In 2008, an LGM‐Lippmann 4‐Punkt light hp resistivity‐meter using the Wenner‐Alfa configuration was used. During all other campaigns a GeoTom‐2D system (Geolog2000) with multicore cables has been used applying both the Wenner and the Schlumberger arrays.26 Saltwater was sometimes used at the electrodes to improve electrical contact. ERT data analyses were carried out in RES2DINV concatenating both array results (in the case of good‐quality concatenated Wenner and Schlumberger data with a root mean square [RMS] error < 10) or by using only the Wenner data alone (in the case of poor quality Schlumberger data). The apparent resistivity data were inverted using robust inversion modeling.
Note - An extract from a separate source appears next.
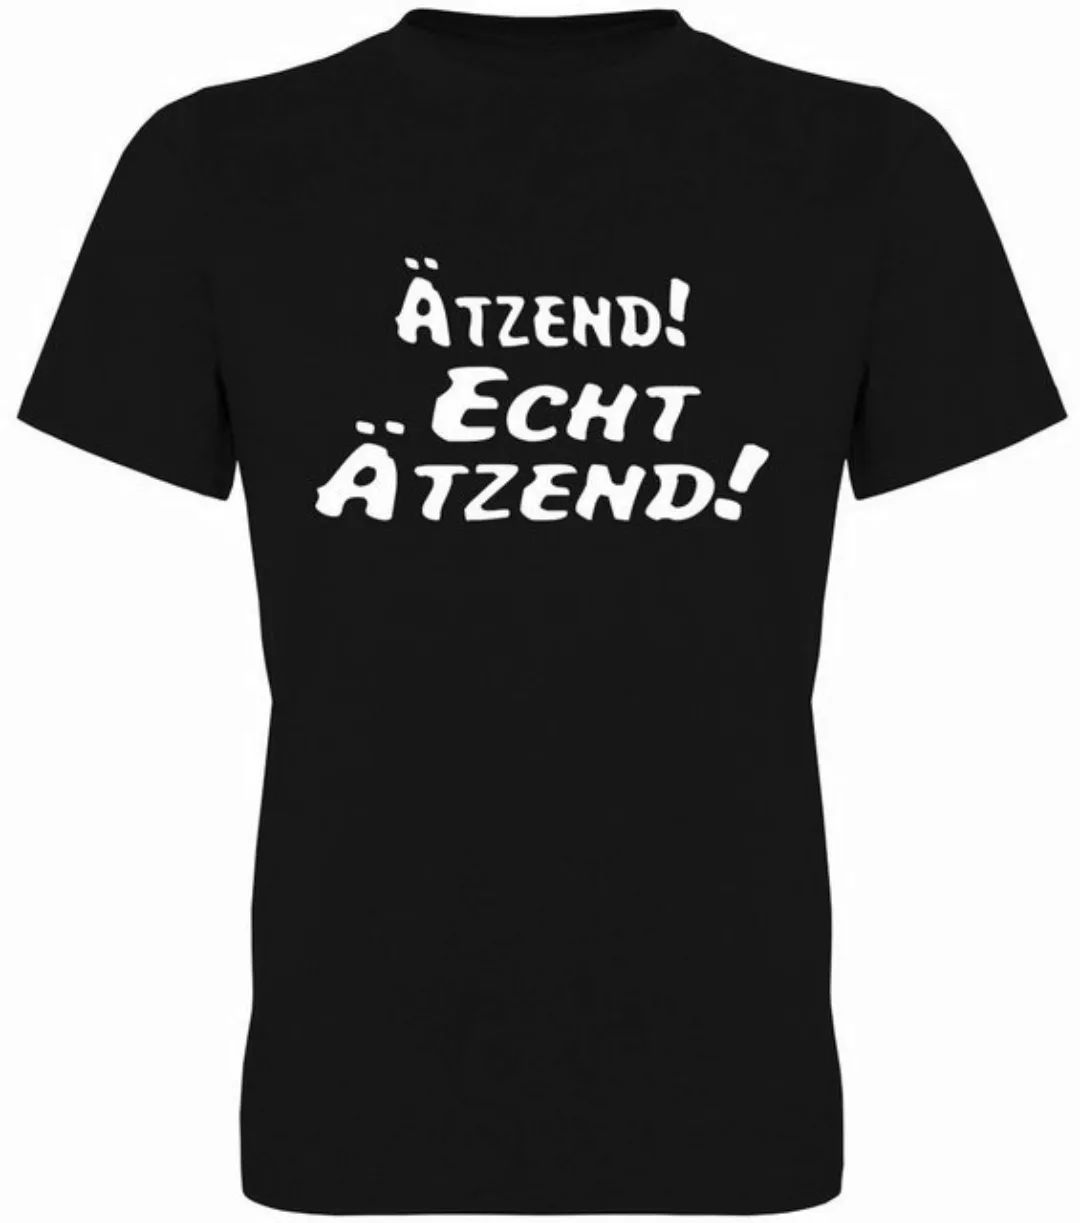 G-graphics T-Shirt Ätzend! Echt ätzend! Herren T-Shirt, mit trendigem Front günstig online kaufen

Bad datum points were removed before the inversion. The number of iterations was stopped when the change in the RMS error between two iterations was small.29

Granitic rocks are characterized by resistivity values mostly around 5 k Ohm.m.30 Gneiss is in the range of 0.1–1 kΩ.m.26 Resistivity values for frozen material can vary over a wide range from several kΩ.m to even millions of Ω.m (see26 and references therein). The resistivity value range 10–100 kΩ.m was considered as permafrost in the area of interest. The lower boundary is a rough estimate for permafrost existence. Values <10 kΩ.m were considered as bedrock and finer‐grained sediments with variable soil water content. The upper boundary follows previous suggestions27, 28 based on experiences at the rooting zone of a rock glacier at profile R‐ERT7. Higher values are regarded as coarse‐grained and mainly dry sediments with open voids and hence high porosity. However, permafrost cannot be excluded at values <10 and >100 kΩ.m.

4. RESULTS

4.1. Modeled spatial permafrost distribution

Permafrost distribution according to the APIM approach2 reveals low to medium probabilities of permafrost occurrence in the study area. The lowest area potentially underlain by permafrost according to this approach is about 2,000 m a.s.l. at a north‐facing slope in the Schöneben cirque. The lower limit of low‐to‐medium probable permafrost at north‐facing slopes was slightly higher at the Reichart cique (2,110 m a.s.l.) and the Geierhaupt area. On east‐ and south‐facing slopes this lower limit was about 2,400 m a.s.l., whereas on west‐facing slopes it was at about 2,300 m a.s.l. Permafrost distribution according to empirical relationships11 revealed potential sporadic permafrost for slightly larger areas compared to APIM with a mean lower limit of about 2,200 m a.s.l. Potential discontinuous permafrost is restricted to very small areas at highest elevations apart from north‐facing slopes, where discontinuous permafrost might exist as low as 2,270 m a.s.l. Importantly, all cirques with their rock glaciers were always modeled as permafrost free (Figures 1 and 3).

Figure 3.

Maps of subareas of the Hochreichart area with location of monitoring sites (Tables 2), spatial extent of modeled permafrost distribution, late‐lying seasonal snow patches (July conditions), and results of nine different BTS campaigns between 2004 and 2012 (for details see Table 1). Modeled permafrost distribution are based on the literature2, 11 [Colour figure can be viewed at http://wileyonlinelibrary.com]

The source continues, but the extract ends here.